▸ **HOW TO COMPLETE THIS TASK**
Your copy should match the listing word for word, apart from the pictures, which are left out.

▸ **INPUT DATA**

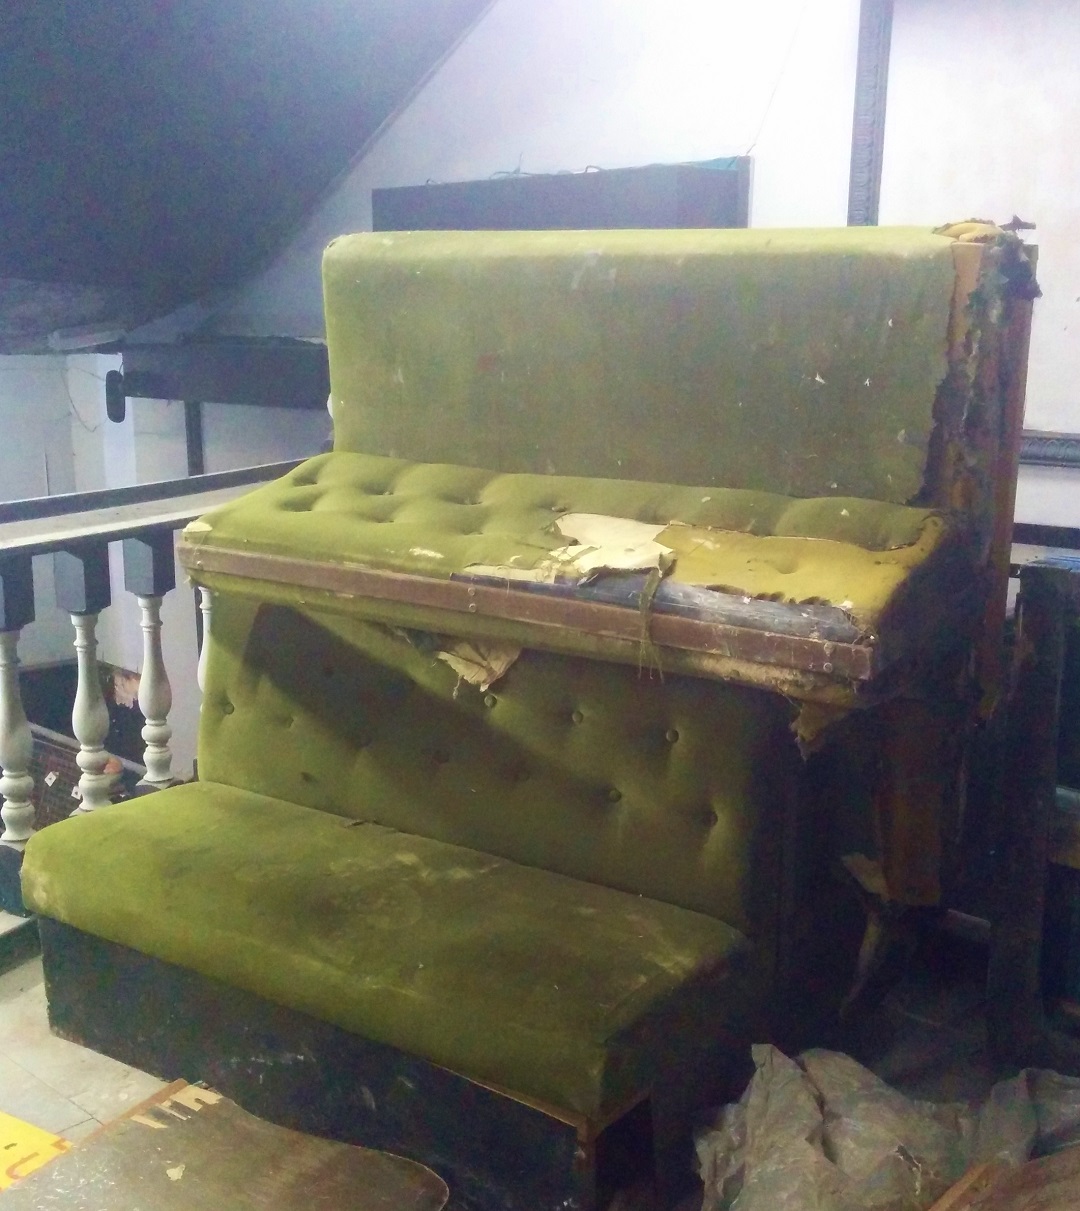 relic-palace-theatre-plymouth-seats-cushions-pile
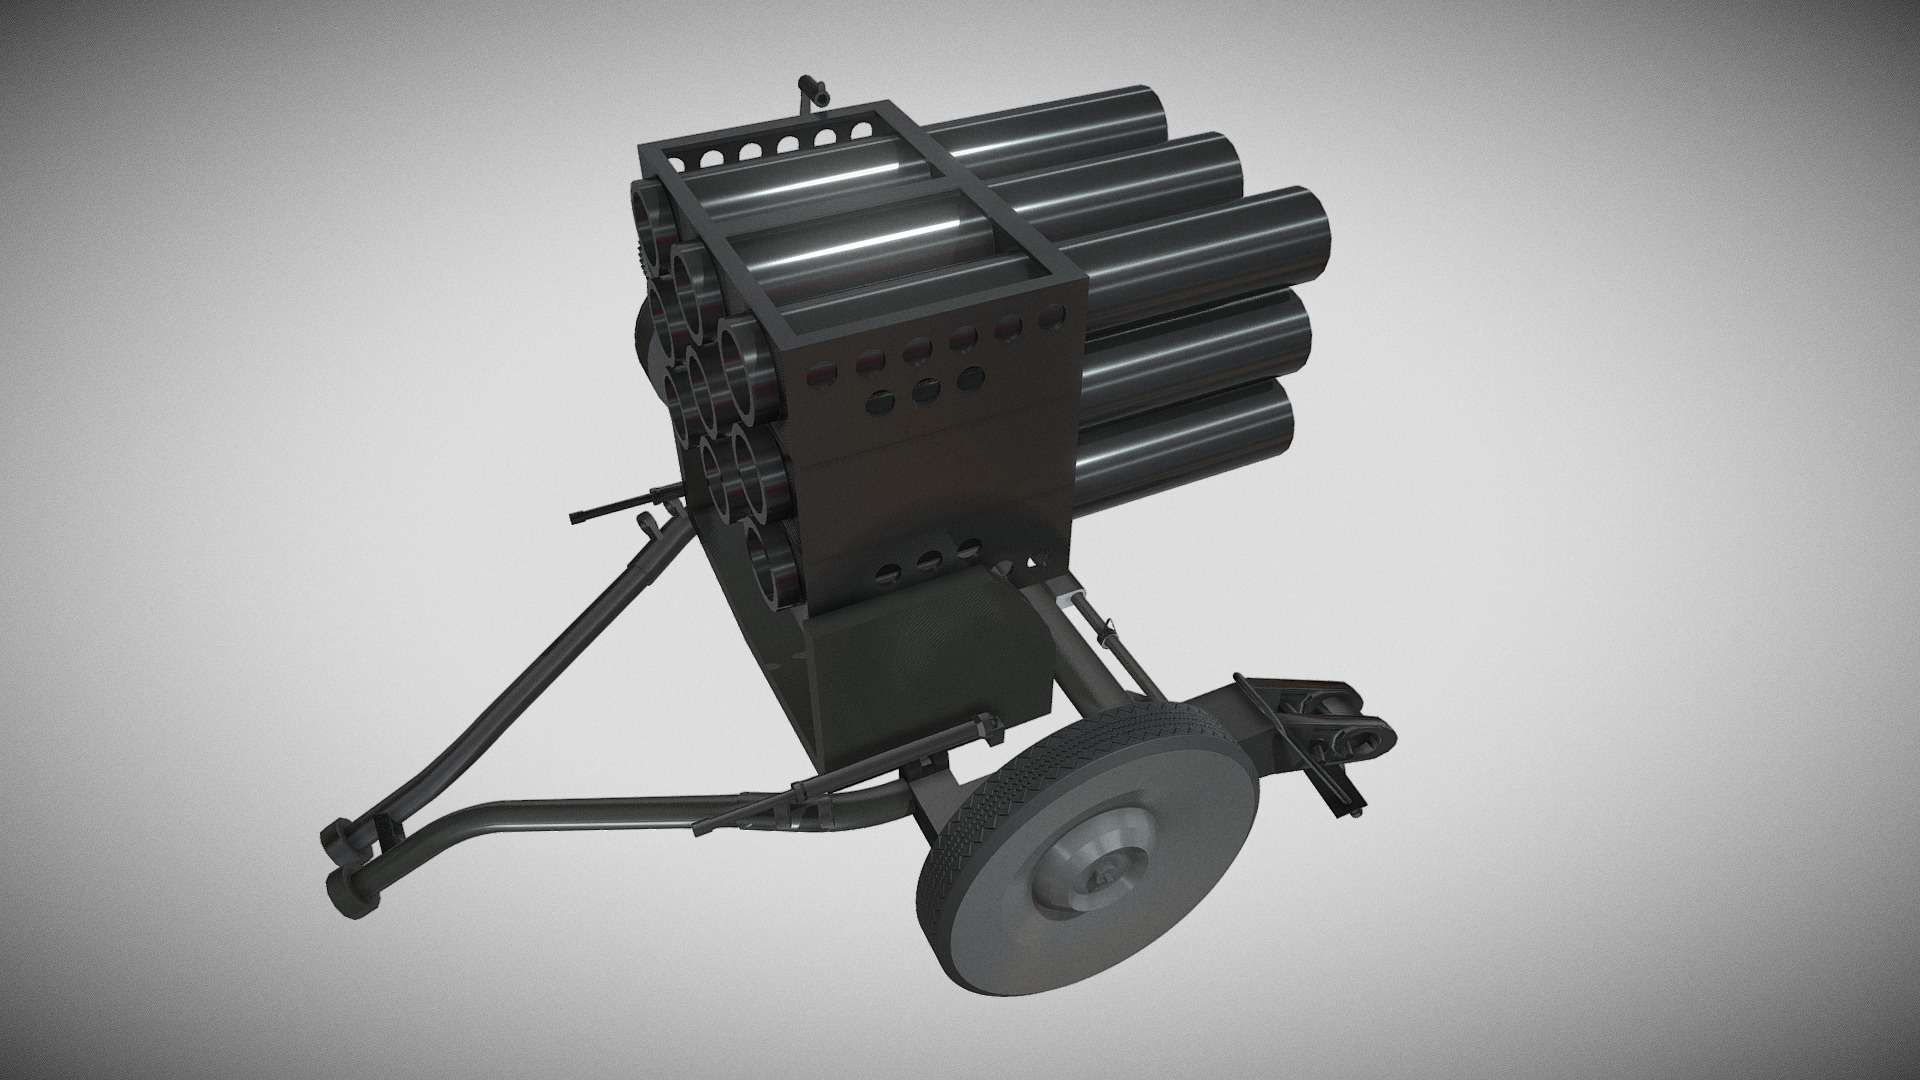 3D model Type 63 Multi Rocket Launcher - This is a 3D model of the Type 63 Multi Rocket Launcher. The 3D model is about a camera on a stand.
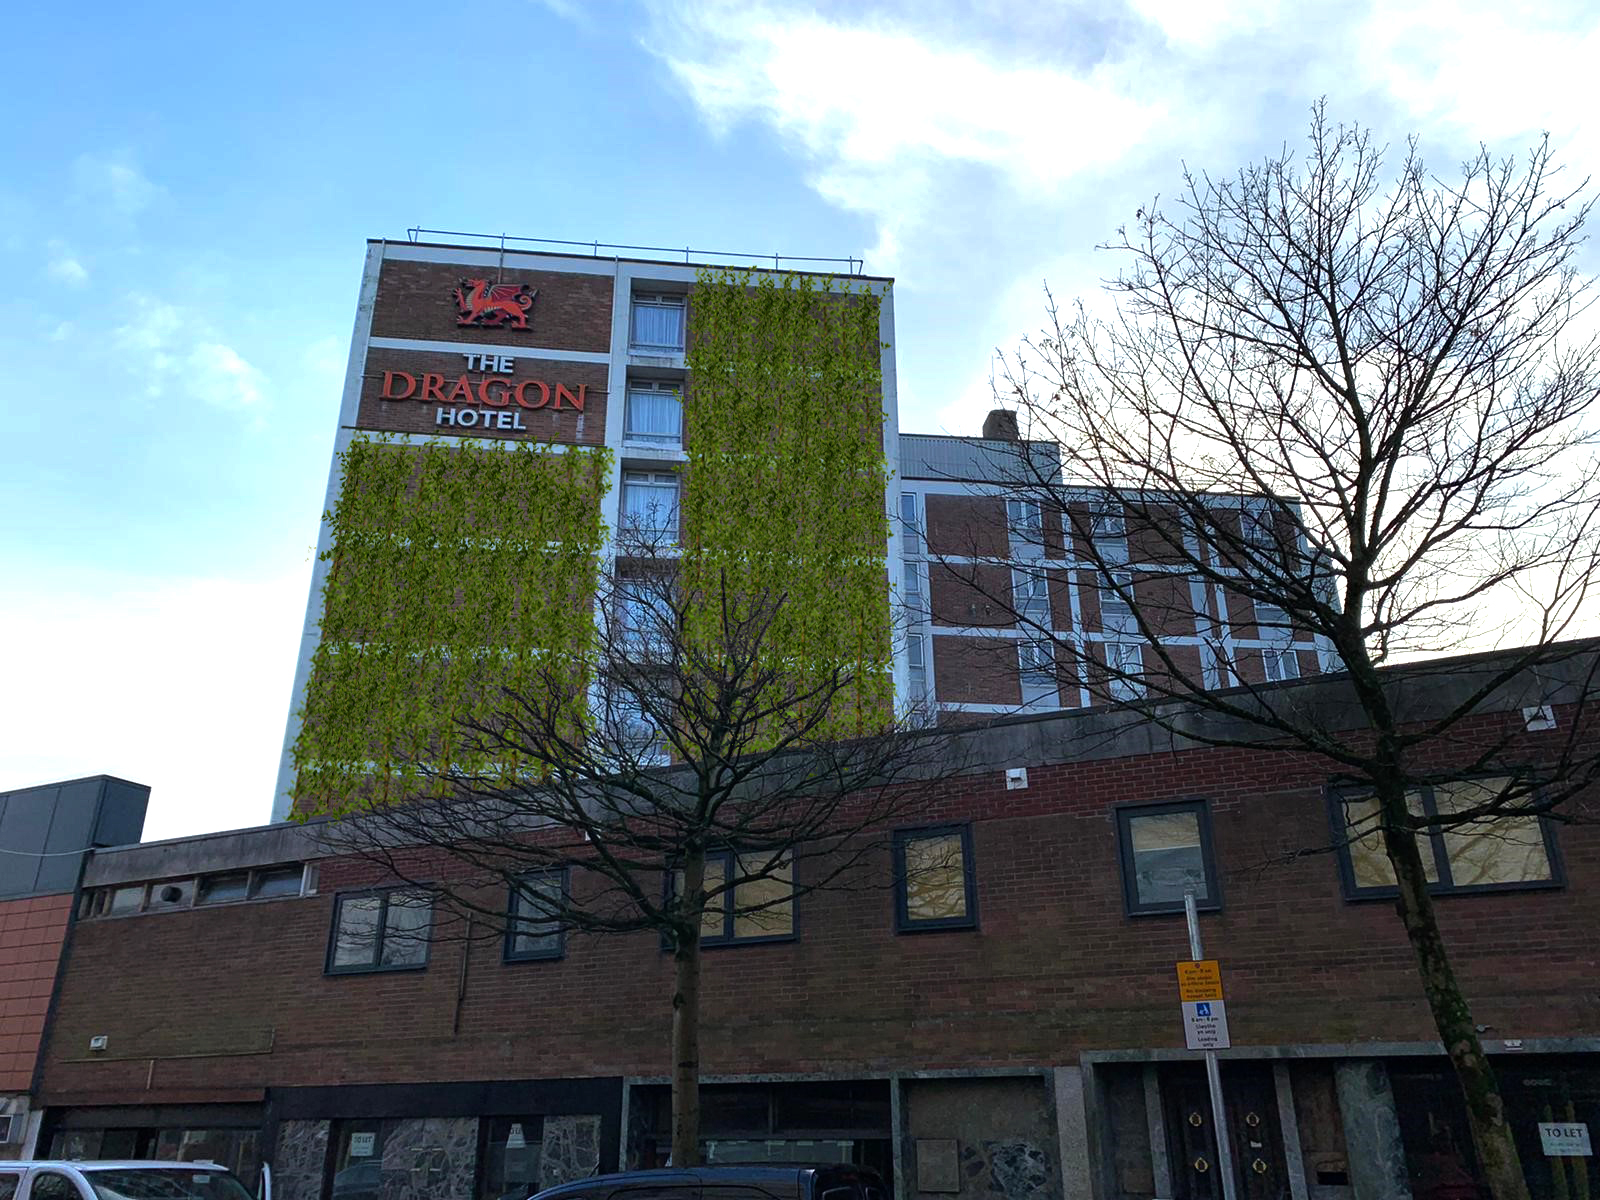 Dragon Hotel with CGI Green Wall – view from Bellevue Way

▸ **RESULT**
 relic-palace-theatre-plymouth-seats-cushions-pile
 3D model Type 63 Multi Rocket Launcher - This is a 3D model of the Type 63 Multi Rocket Launcher. The 3D model is about a camera on a stand.
 Dragon Hotel with CGI Green Wall – view from Bellevue Way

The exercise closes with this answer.